Helsingborg BBK Women
- Sports Director: Per'Åke Lundquist
- Chairman: Anders Sergel
- Head coach: Ville Tuominen
- Arena: GA Hallen
- Basketligan dam: 12
- Scoring leader: Vasiliki Louka 17.0
- Rebounding leader: Vasiliki Louka 9.2
- Assists leader: Patricia Elias 2.9
- Biggest win: 82-60 vs Mark Basket

= 2020–21 Helsingborg BBK season =

During the 2020-21 season the Men's team played in Basketettan Södra and the Women's team played in Basketligan dam.

== Men's Season ==
Due to the COVID-19 pandemic and restrictions only one game was played by Helsingborg in Basketettan Södra during the 2020–21 season. The Swedish Basketball Federation was therefore forced to make a decisions out of the ordinary this season as well. With HBBK's will to play in Superettan as strong as ever they chose to apply for a spot in the second tier for the following season. After proving to the federation that the organization had a strong enough base the decision was made that Helsingborg would play in Superettan once again.

== Women's Season ==
The first season in Basketligan dam was a season filled with tough experiences.
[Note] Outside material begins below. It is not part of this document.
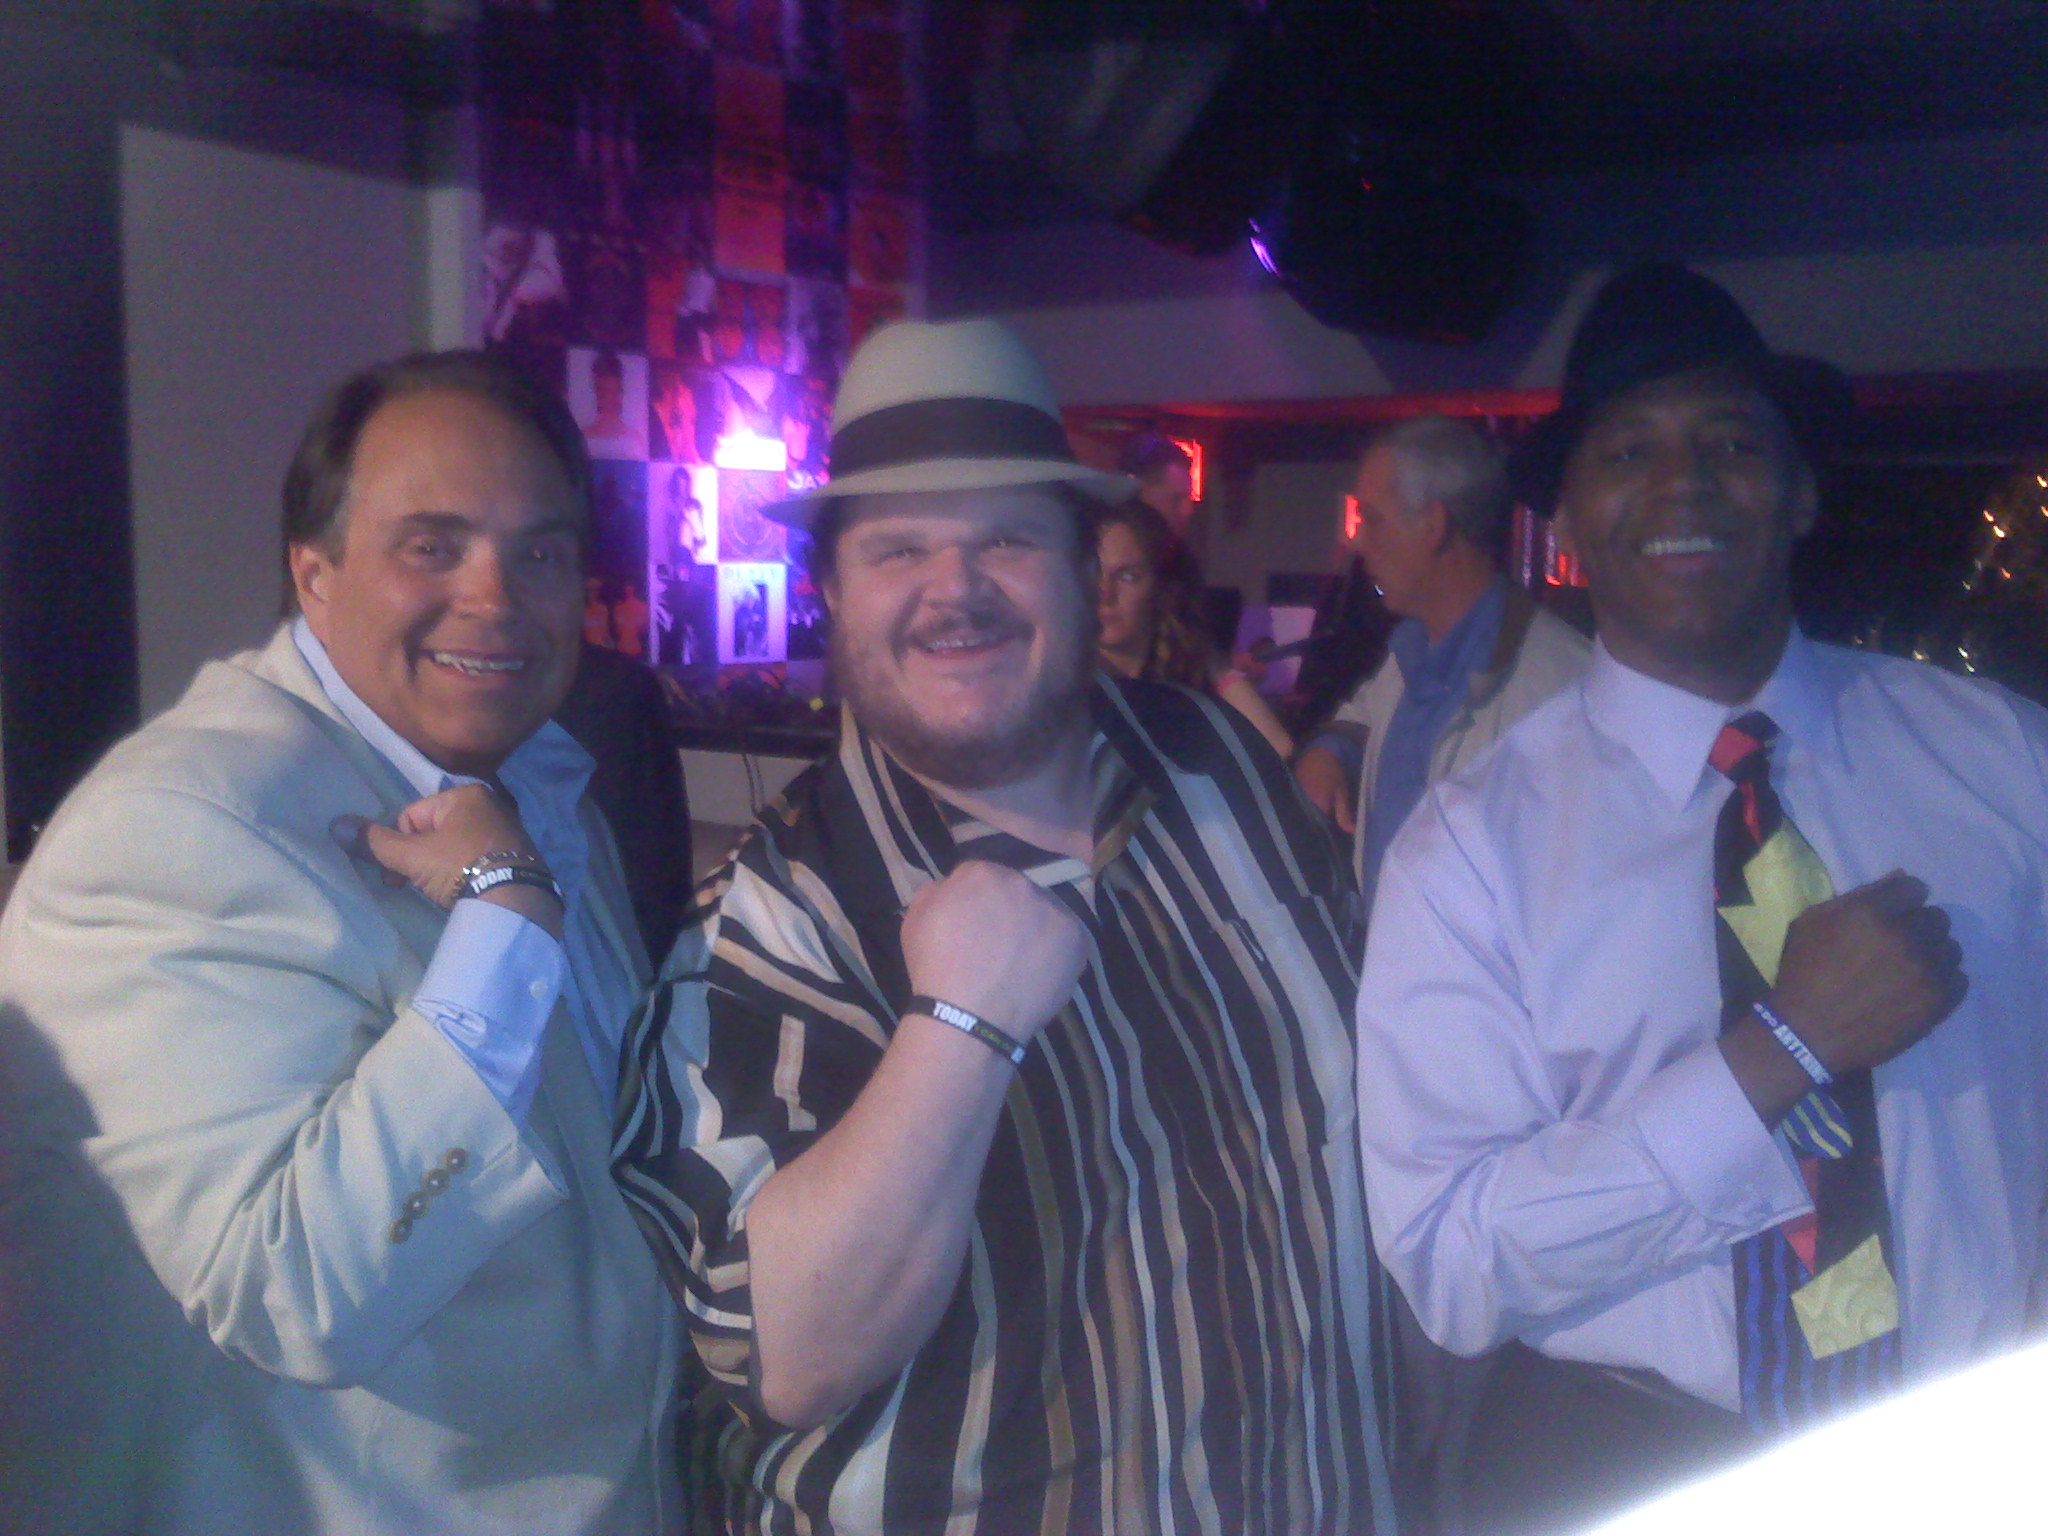 John Woodward, Bubba Da Skitso & Gary Johnny at the My Life My Power event.

It took the team 11 games to get their first win in SBL, also the first-ever victory in the highest tier of Swedish basketball ever. This would be their only win in their inaugural season, ending with a 1–21 record. Due to the decision made by the Swedish Basketball Federation on June 11, 2020, that no team will be relegated from SBL after the 2020–21 season. It gave HBBK the security of staying up no matter what.